— Exercise prompt —
Repeat the data word for word. Do not include the pictures.

— Stored data —

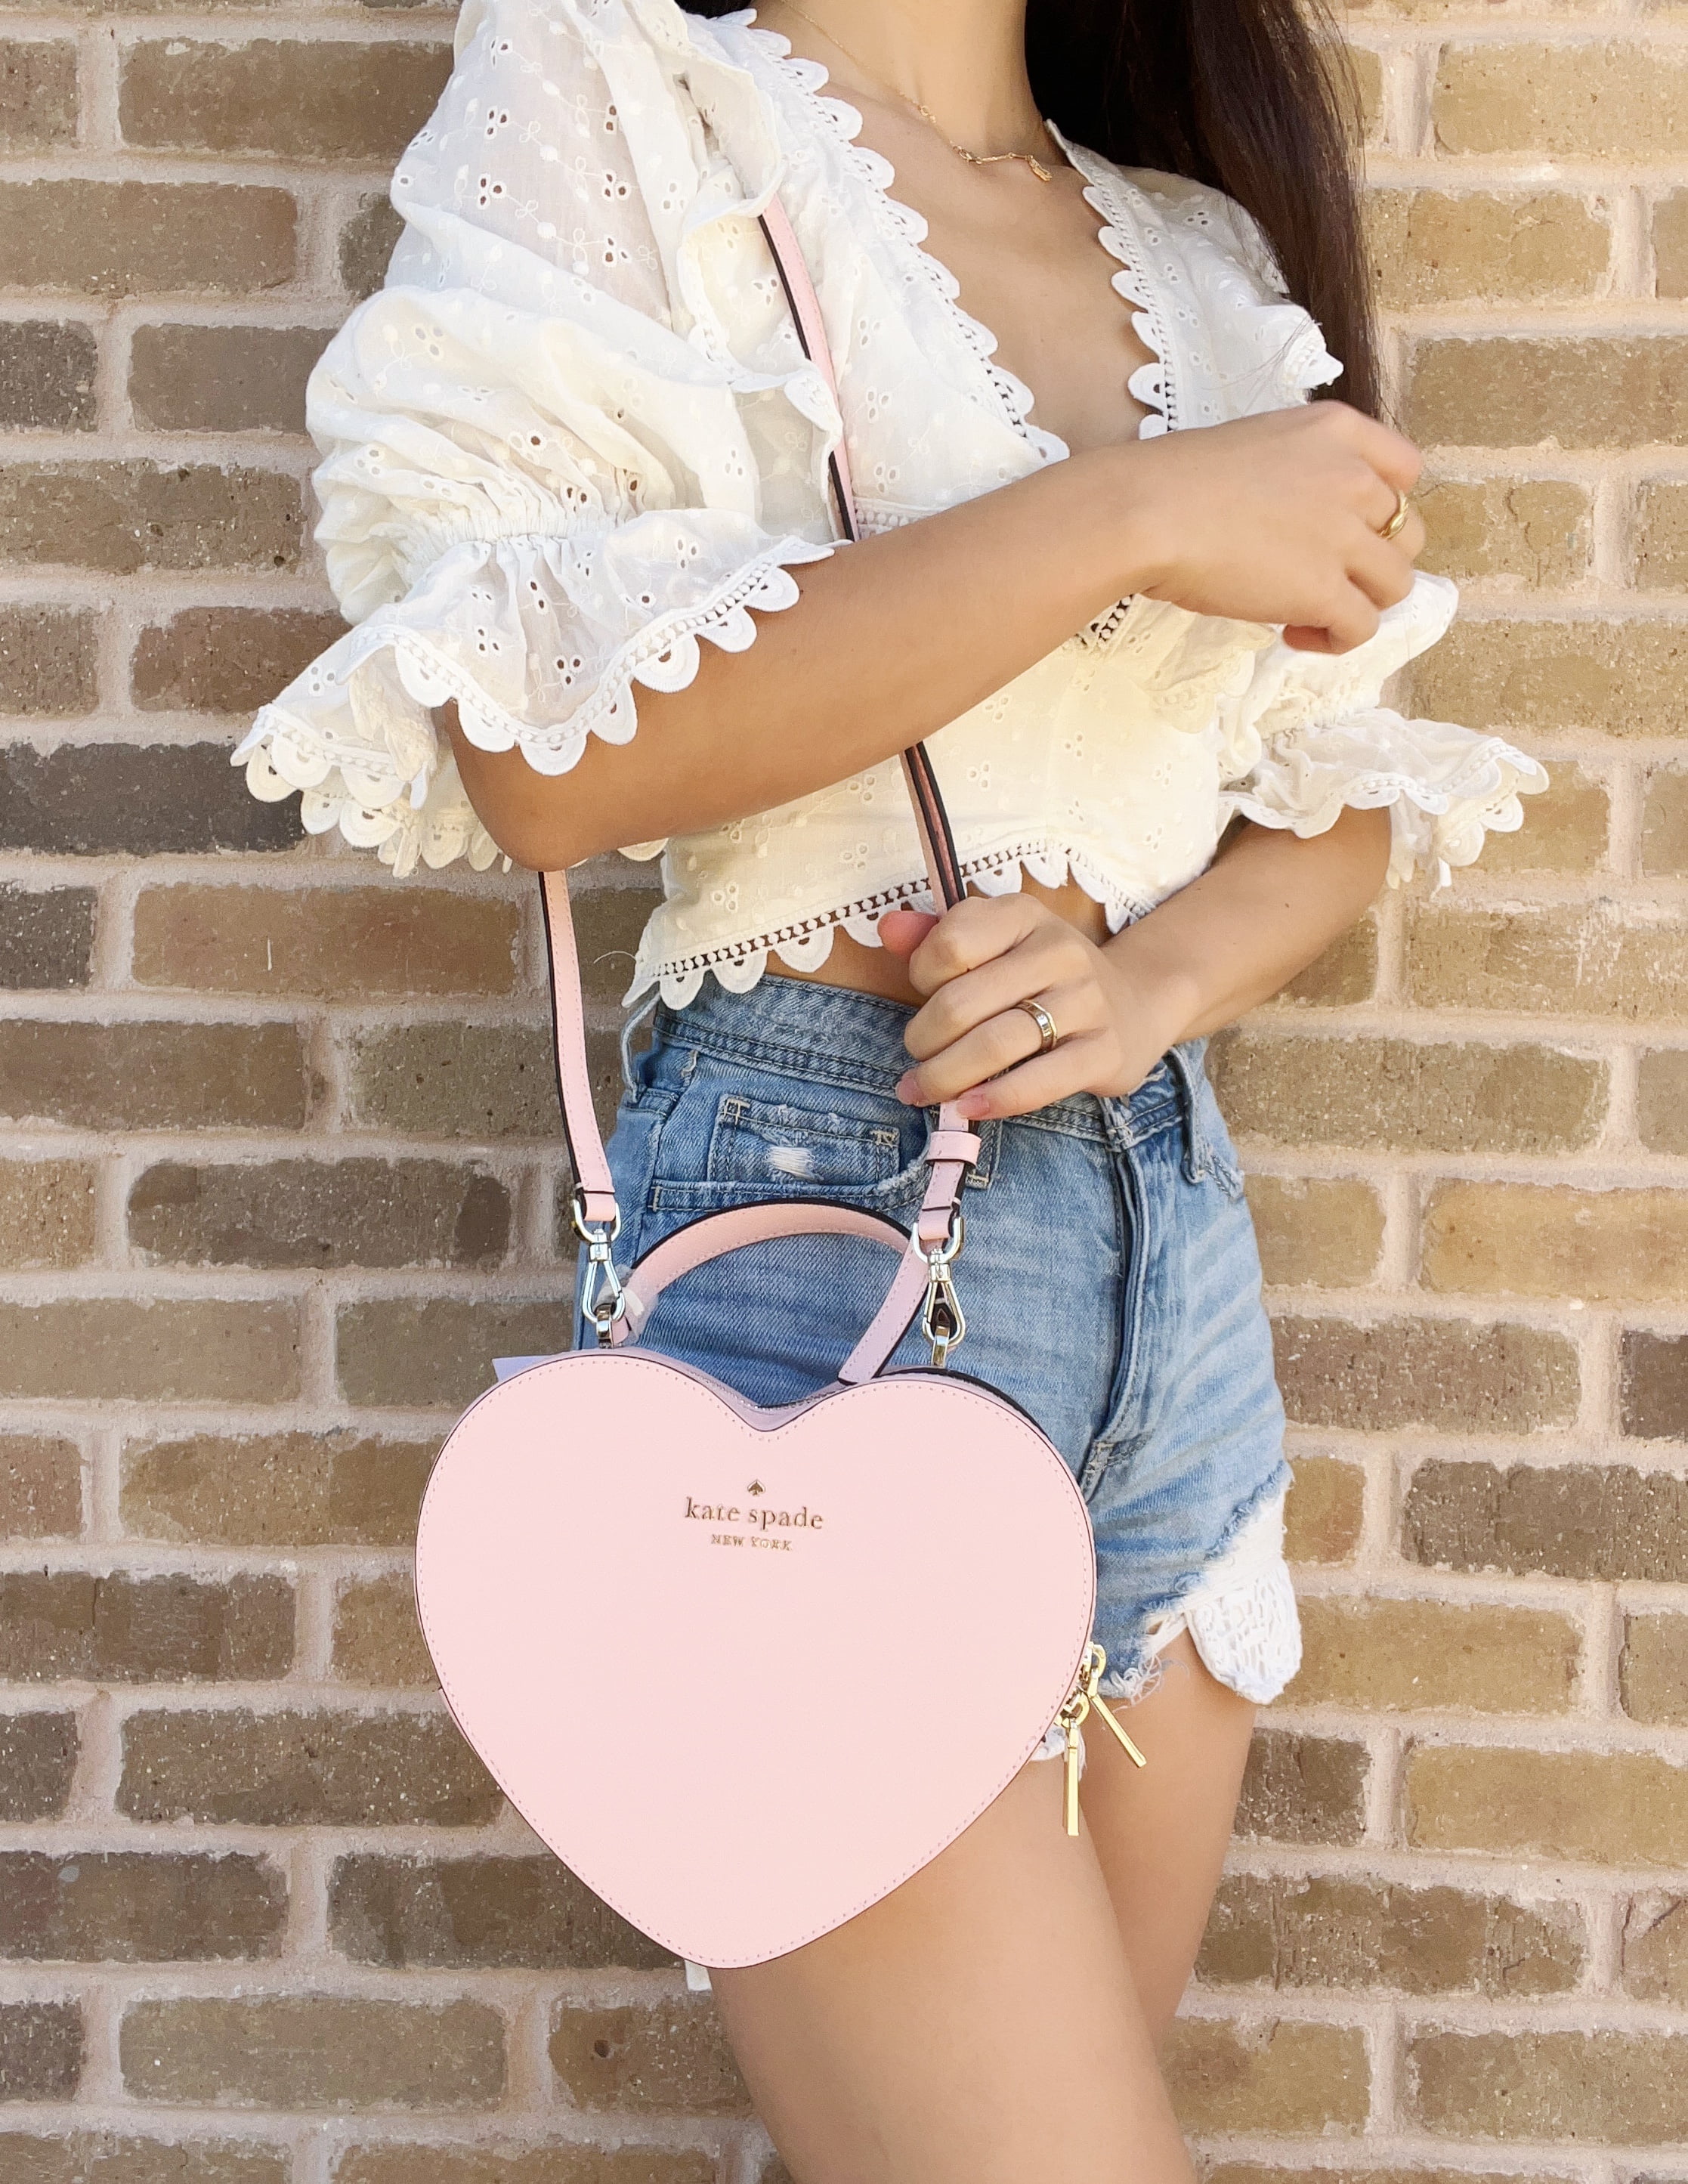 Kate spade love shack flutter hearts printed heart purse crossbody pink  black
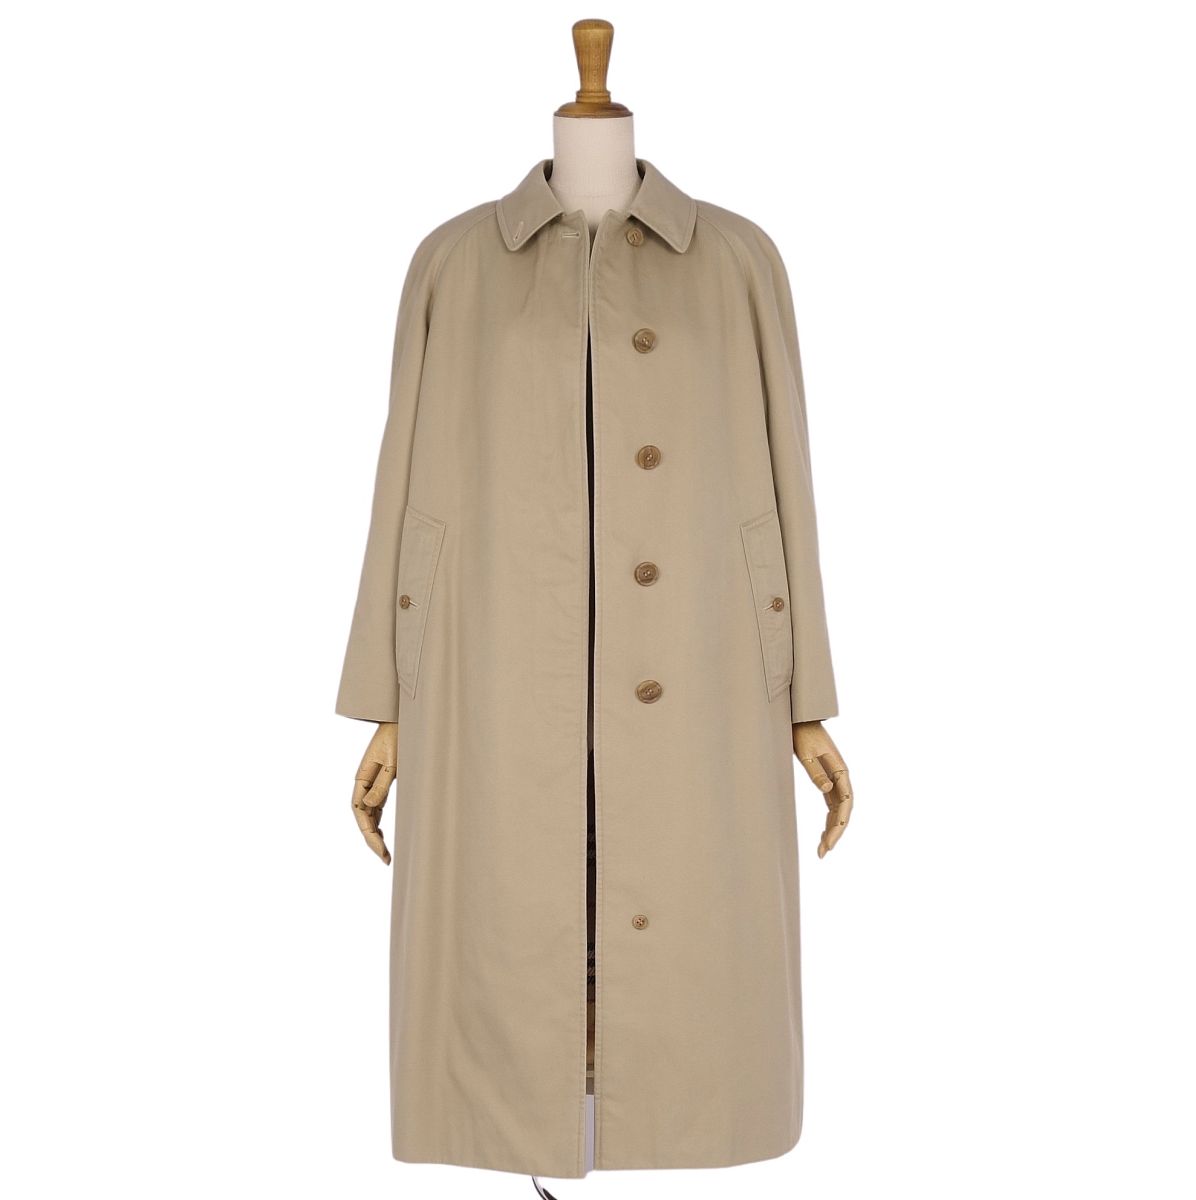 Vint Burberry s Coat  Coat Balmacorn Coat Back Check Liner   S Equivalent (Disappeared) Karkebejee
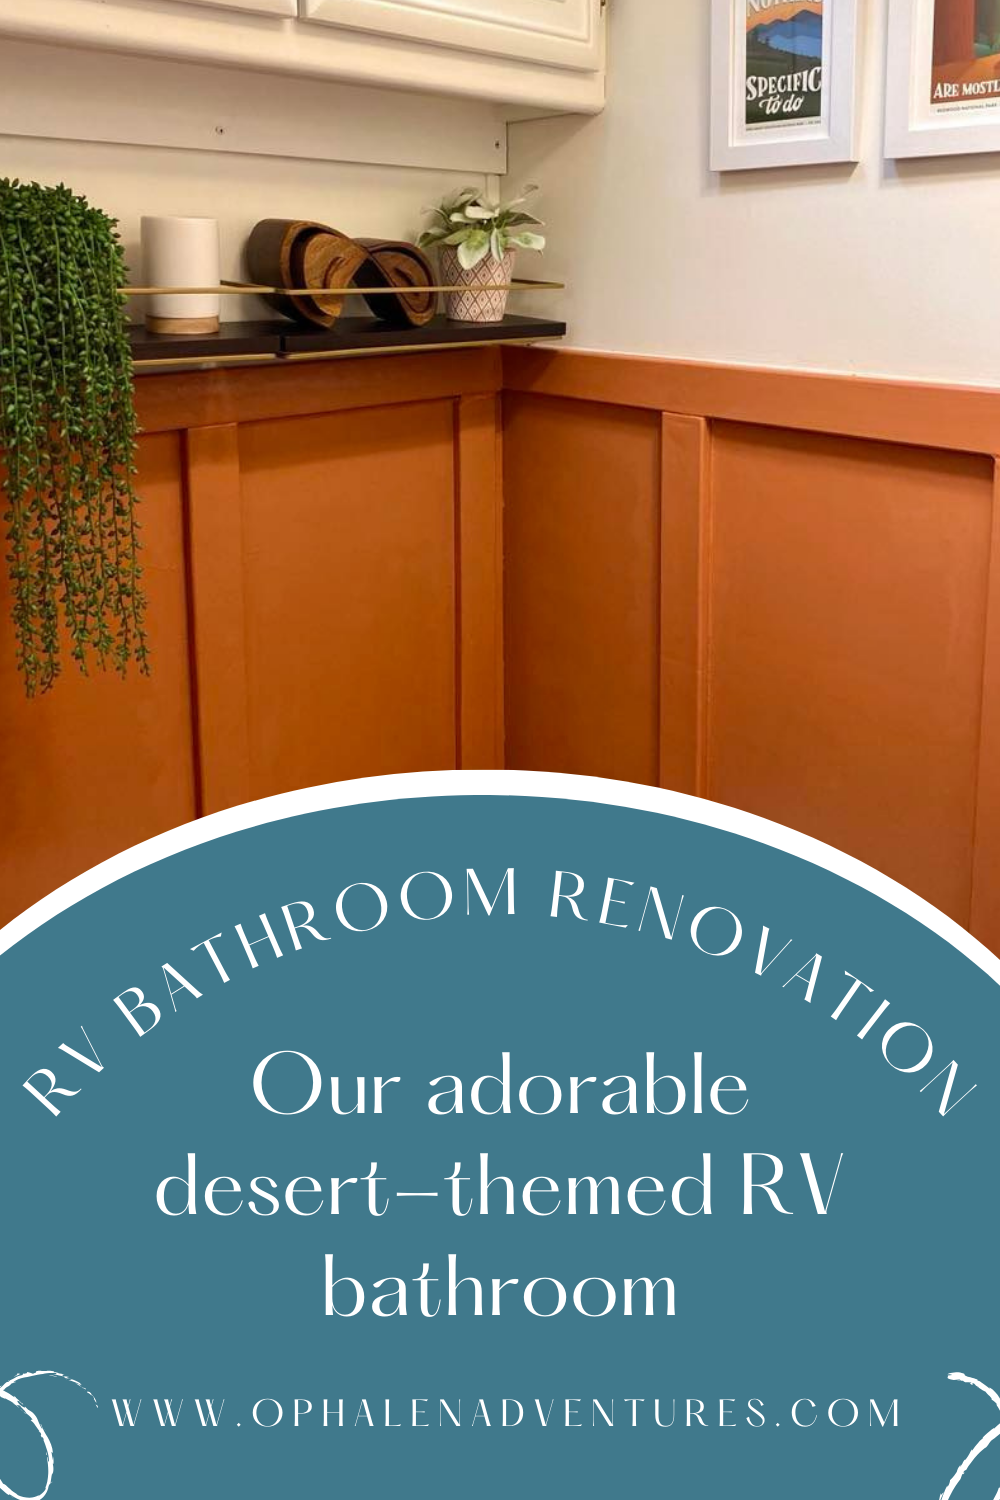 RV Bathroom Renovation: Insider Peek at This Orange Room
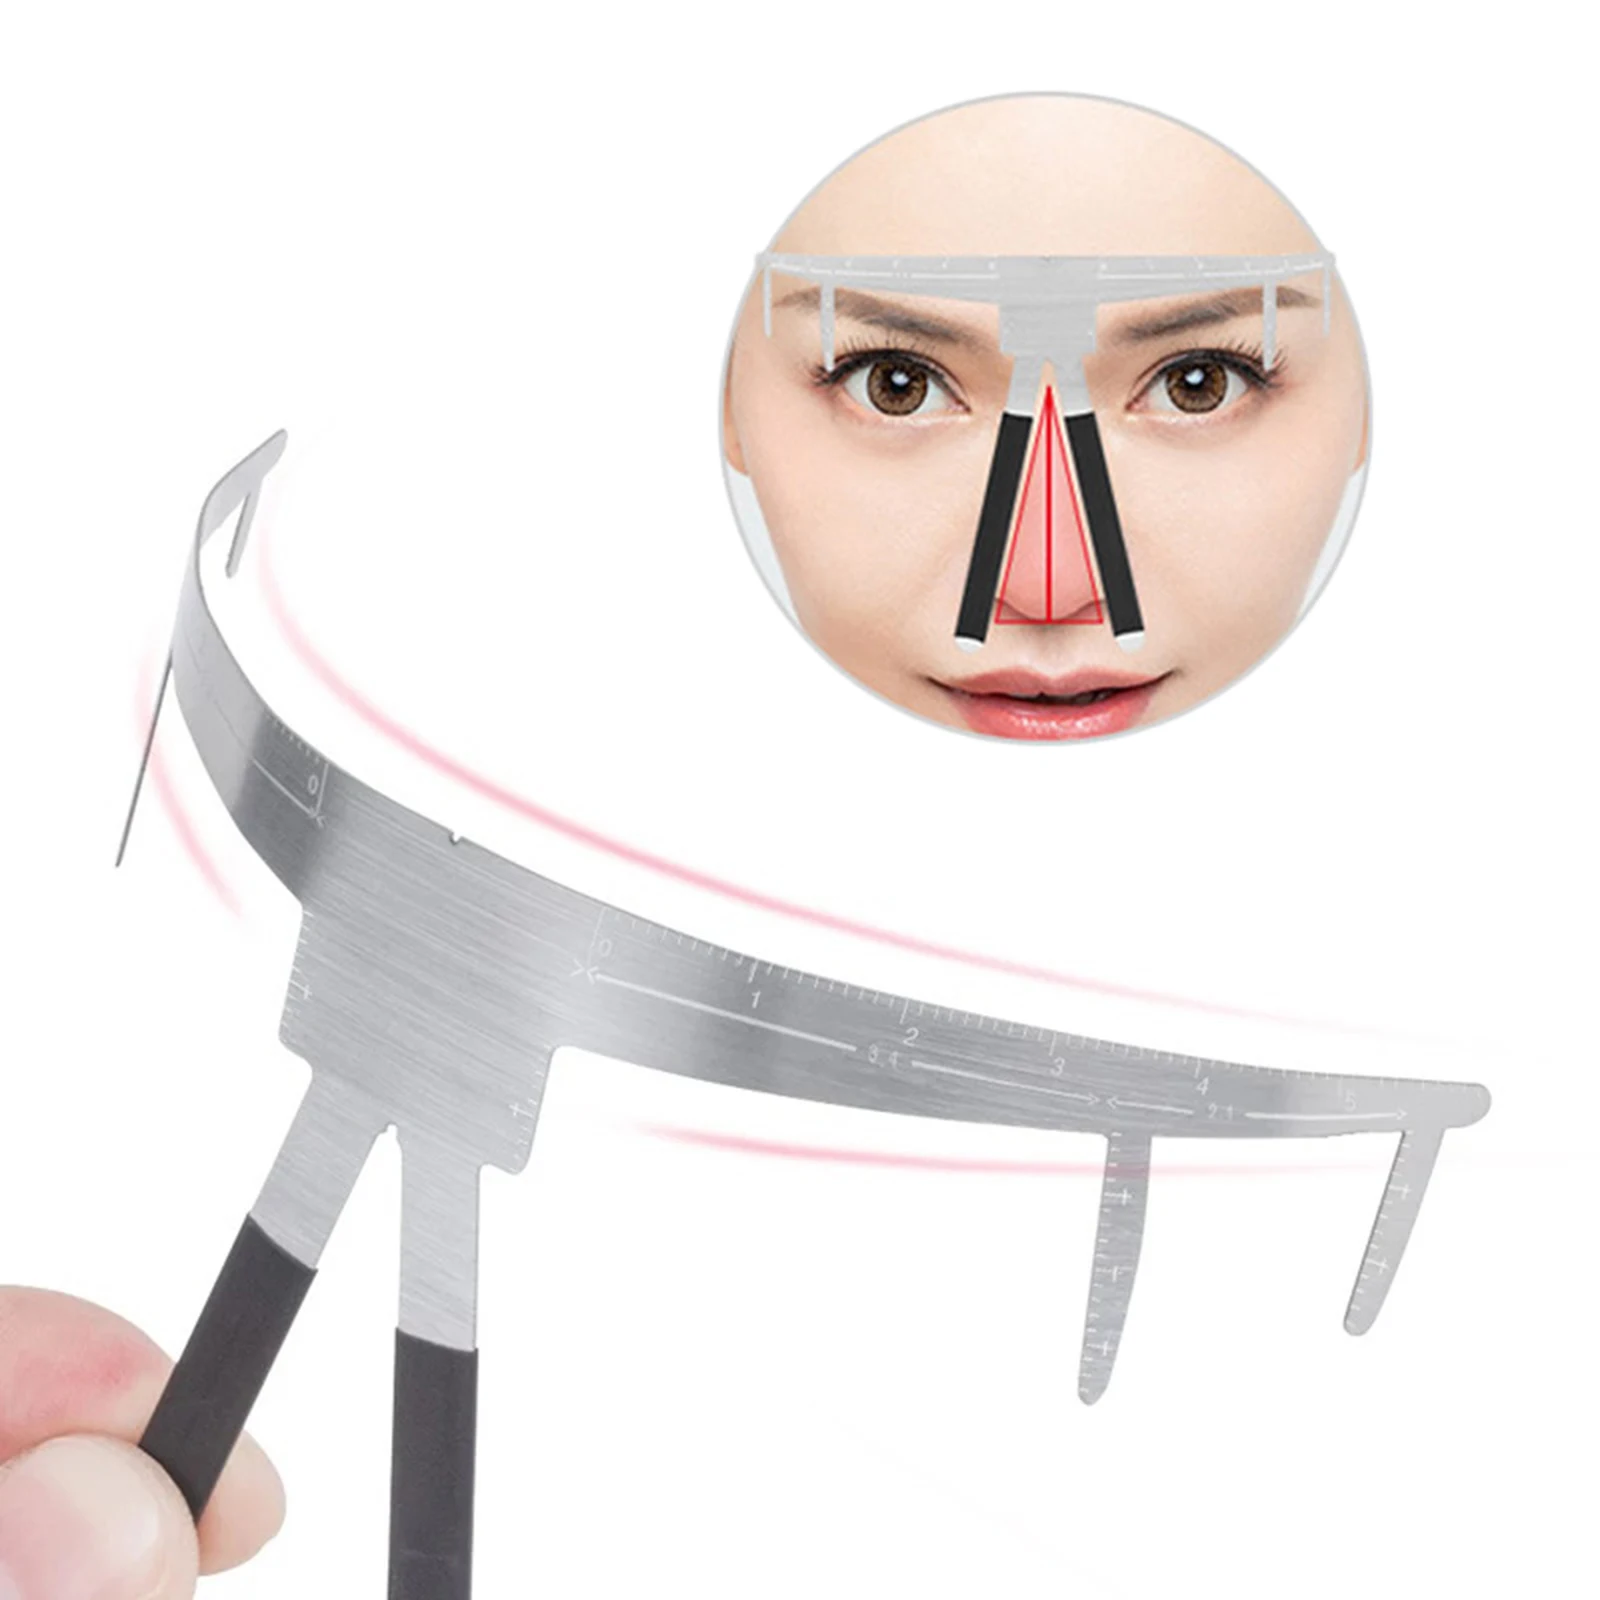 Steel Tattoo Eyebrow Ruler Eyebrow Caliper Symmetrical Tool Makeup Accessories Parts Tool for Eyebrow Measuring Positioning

— Written answer —
 Kate spade love shack flutter hearts printed heart purse crossbody pink  black
 Vint Burberry s Coat  Coat Balmacorn Coat Back Check Liner   S Equivalent (Disappeared) Karkebejee
 RV Bathroom Renovation: Insider Peek at This Orange Room
 Steel Tattoo Eyebrow Ruler Eyebrow Caliper Symmetrical Tool Makeup Accessories Parts Tool for Eyebrow Measuring Positioning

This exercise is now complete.